Dr. Athar Osama, the Director of the Project noted that “the purpose of Muslim World Science Initiative is to jumpstart a dialogue within the society on critical issues at the intersection of science, society, and Islam. The Task Force has done a commendable job in laying the groundwork for a very important conversation about our universities.”
The divide between science/technology/engineering/mathematics (STEM) education and other fields of interest such as social sciences, the arts, and the humanities may be larger in the Islamic world (and to some extent reversed with humanities looking down on science) but it is a problem elsewhere, often expressed as a form of snobbery, as I alluded to in my Aug. 7, 2015 posting titled: Science snobbery and the problem of accessibility.
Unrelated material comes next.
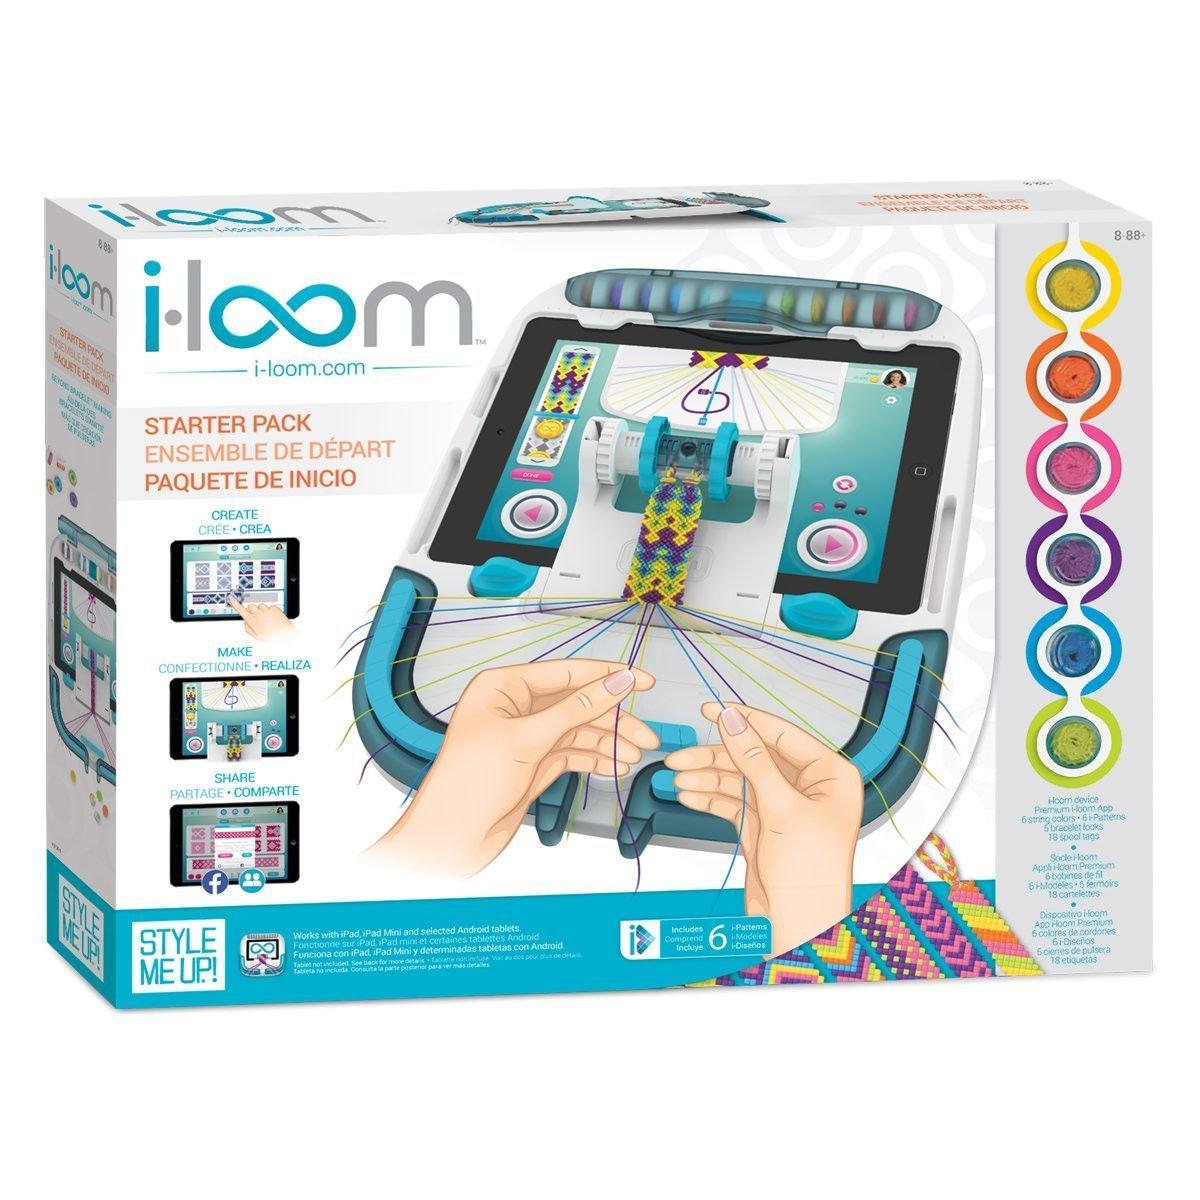 Wooky i-loom Starter Pack
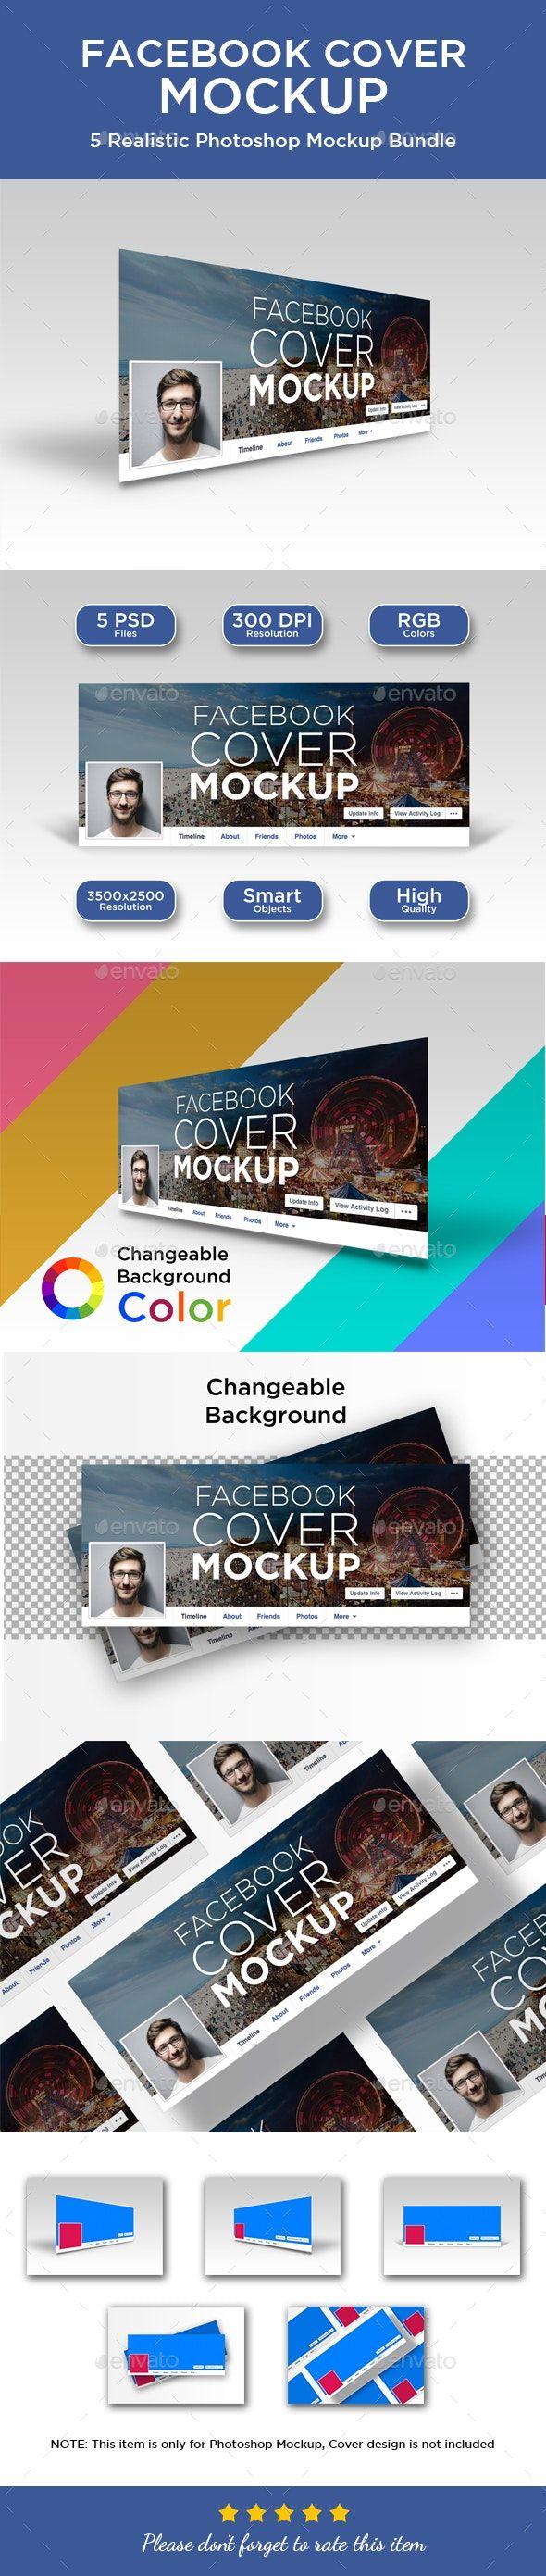 Facebook Cover Mockup Facebook Cover Mockup Mockup Design

An Oct. 28, 2015 Nature essay about Islam, science, and the report by Nidhal Guessou and Athar Osama (two members of the Task Force; Note: Links have been removed) provides more context,
The Islamic civilization lays claim to the world’s oldest continually operational university. The University of Qarawiyyin was founded in Fes, Morocco, in ad 859, at the beginning of an Islamic Golden Age. Despite such auspicious beginnings, universities in the region are now in dire straits, as demonstrated by a report we have authored, released this week (see go.nature.com/korli3).
The 57 countries of the Muslim world — those with a Muslim-majority population, and part of the Organisation of Islamic Cooperation (OIC) — are home to nearly 25% of the world’s people. But as of 2012, they had contributed only 1.6% of the world’s patents, 6% of its academic publications, and 2.4% of the global research expenditure1, 2.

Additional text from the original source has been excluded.